*Data block:*
┌──

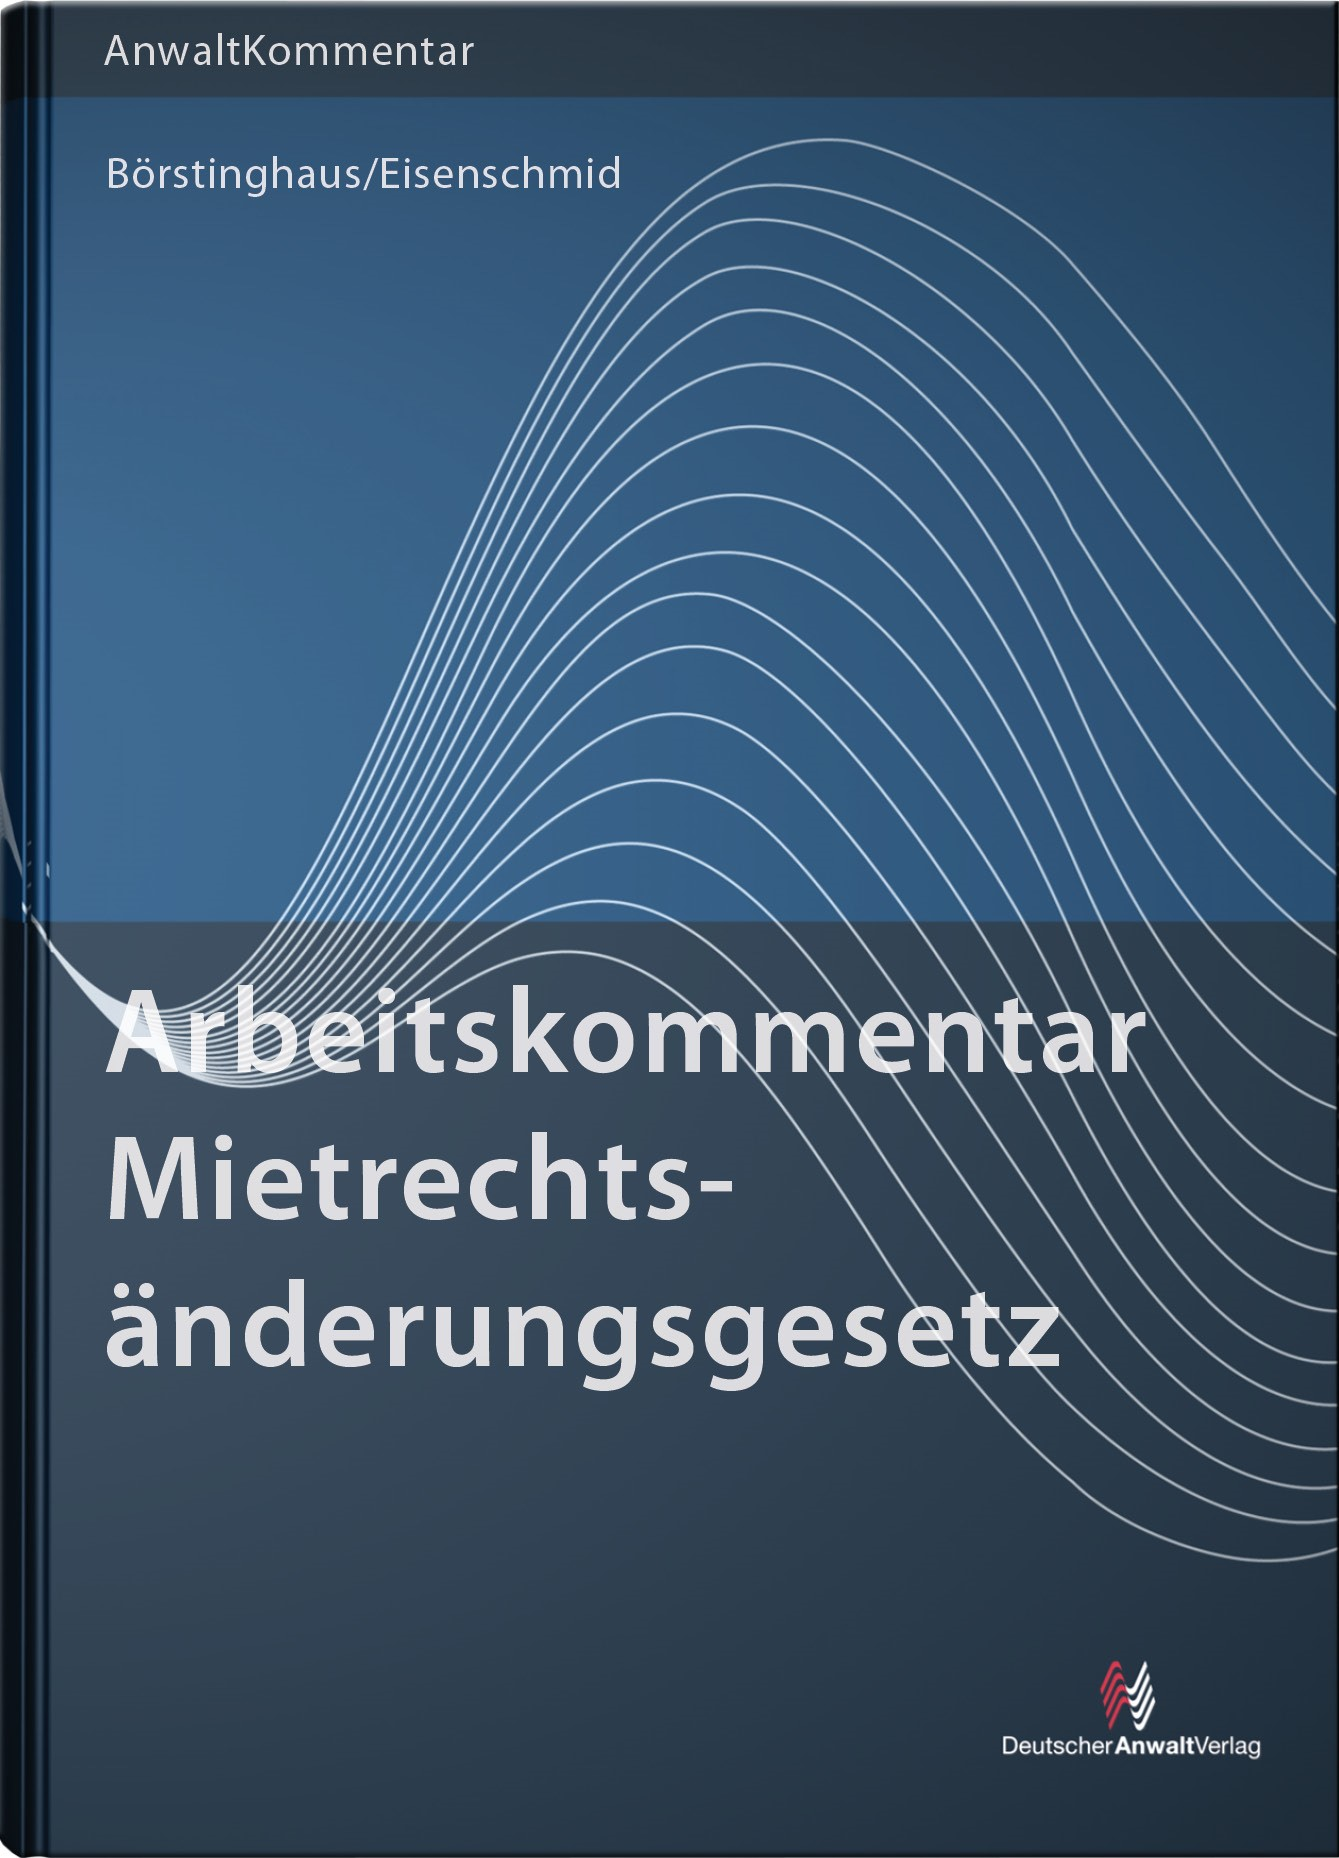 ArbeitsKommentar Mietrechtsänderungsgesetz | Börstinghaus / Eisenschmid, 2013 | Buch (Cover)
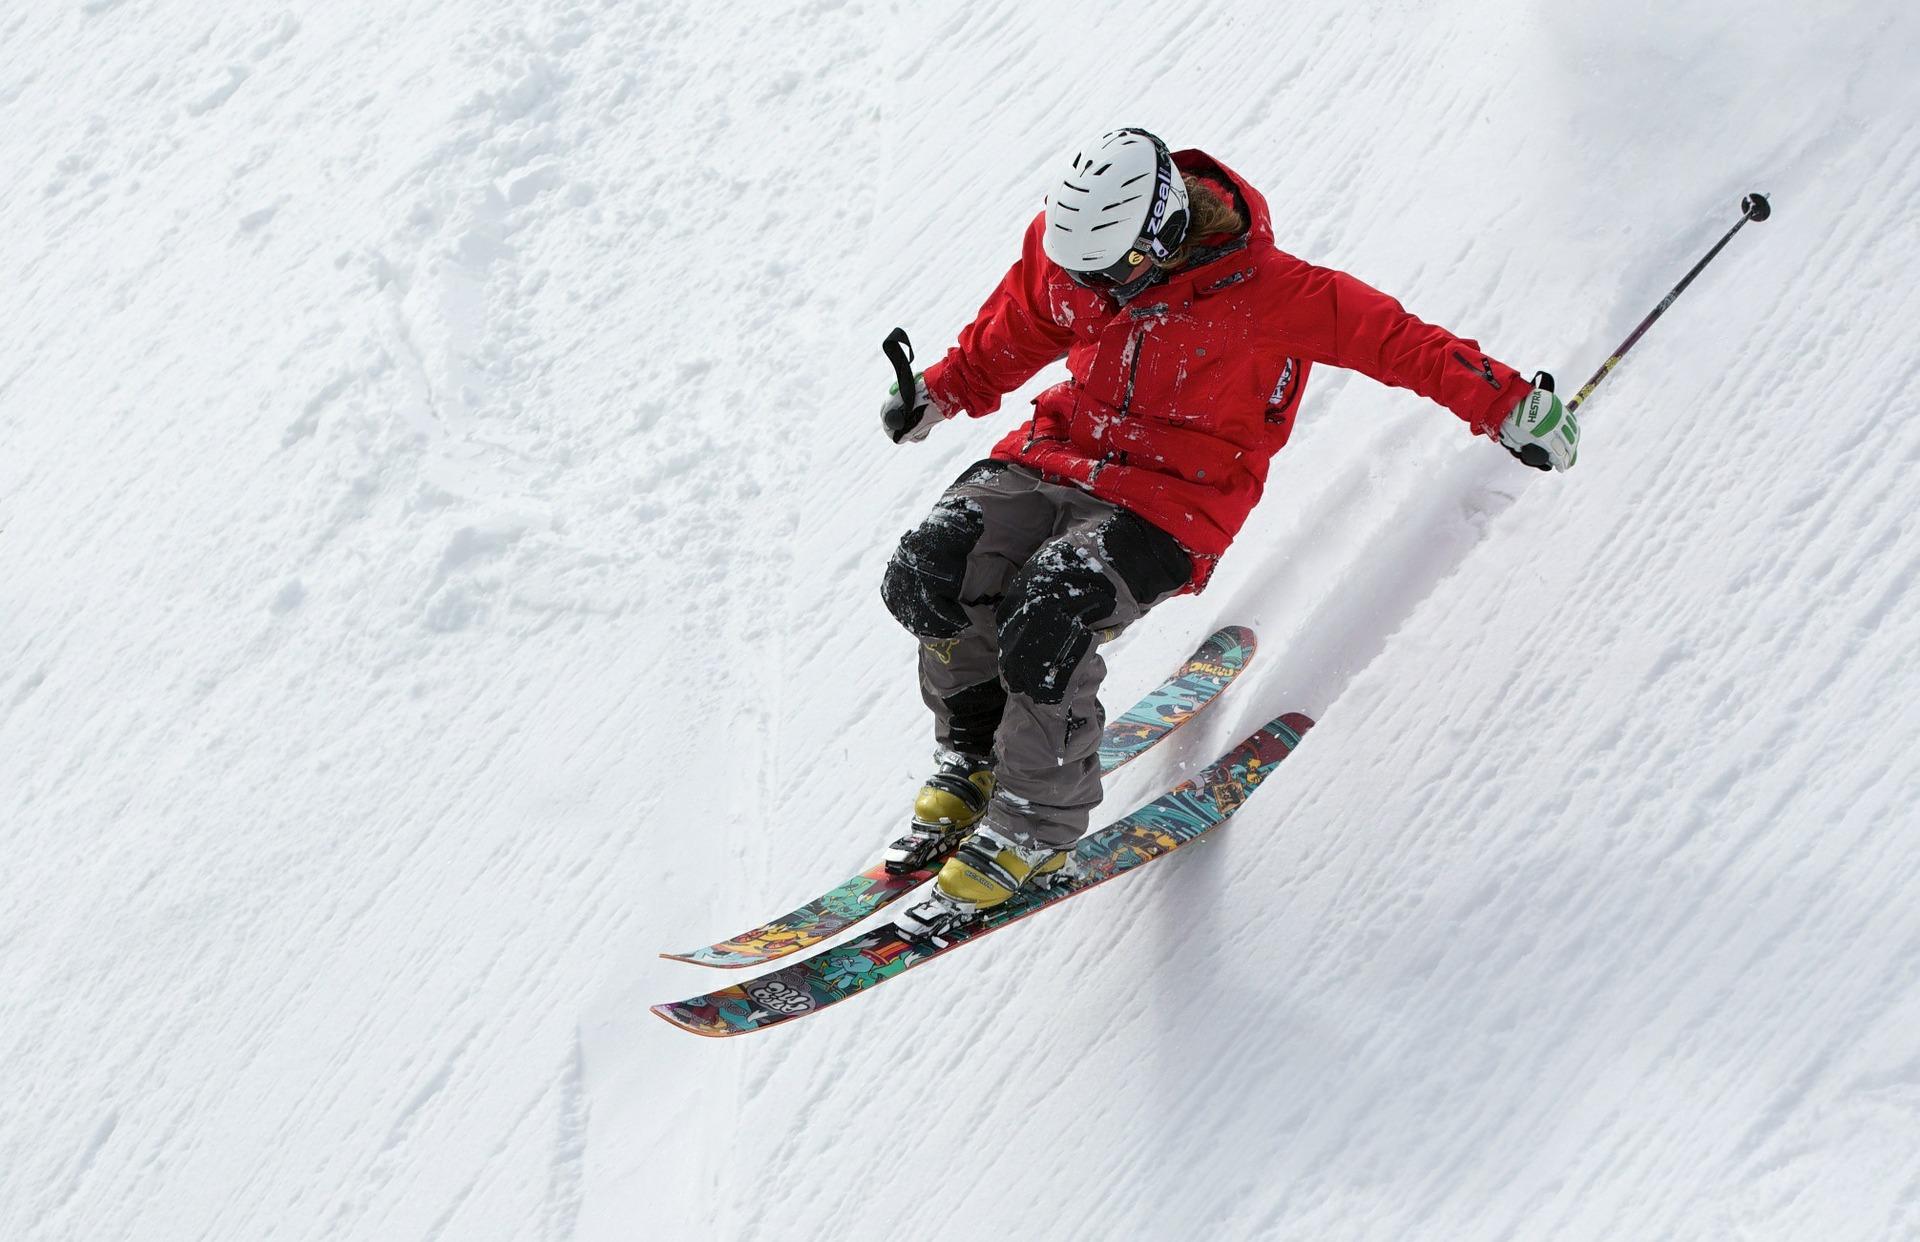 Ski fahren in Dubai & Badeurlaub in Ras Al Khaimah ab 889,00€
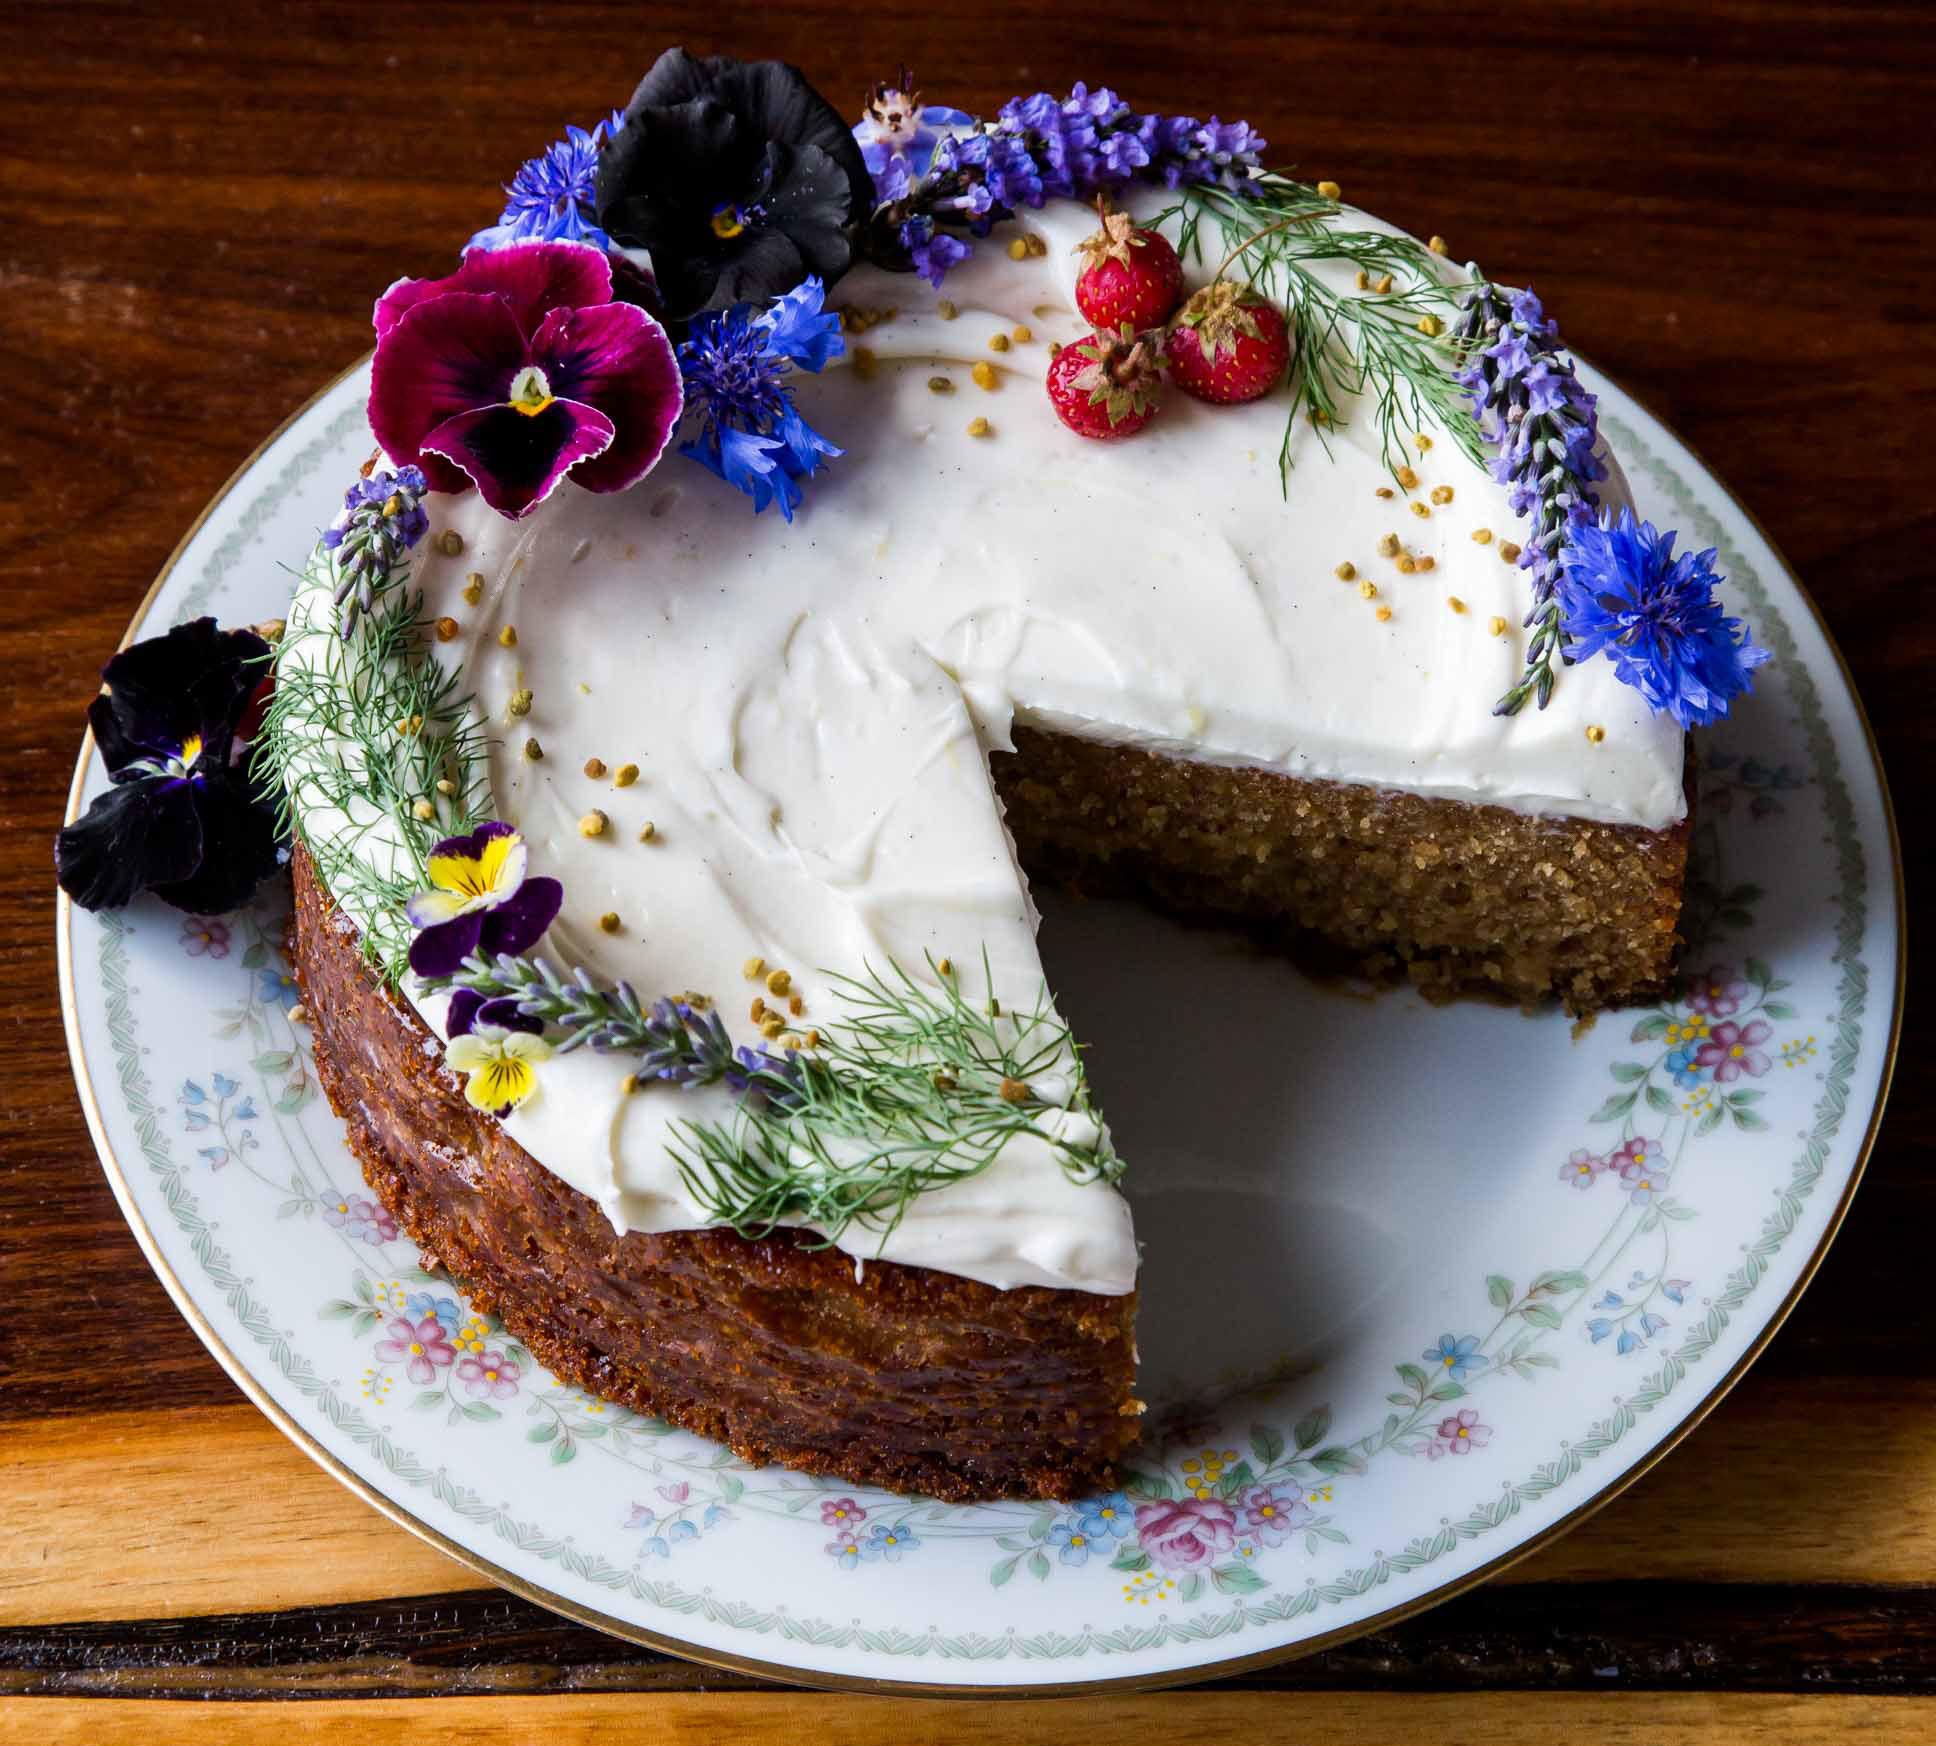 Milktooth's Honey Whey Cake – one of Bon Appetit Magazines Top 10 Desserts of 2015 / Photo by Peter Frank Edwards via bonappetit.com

└──

*Description of the task:* Without including any picture, reproduce the material above word for word.

*Response area:*
 ArbeitsKommentar Mietrechtsänderungsgesetz | Börstinghaus / Eisenschmid, 2013 | Buch (Cover)
 Ski fahren in Dubai & Badeurlaub in Ras Al Khaimah ab 889,00€
 Milktooth's Honey Whey Cake – one of Bon Appetit Magazines Top 10 Desserts of 2015 / Photo by Peter Frank Edwards via bonappetit.com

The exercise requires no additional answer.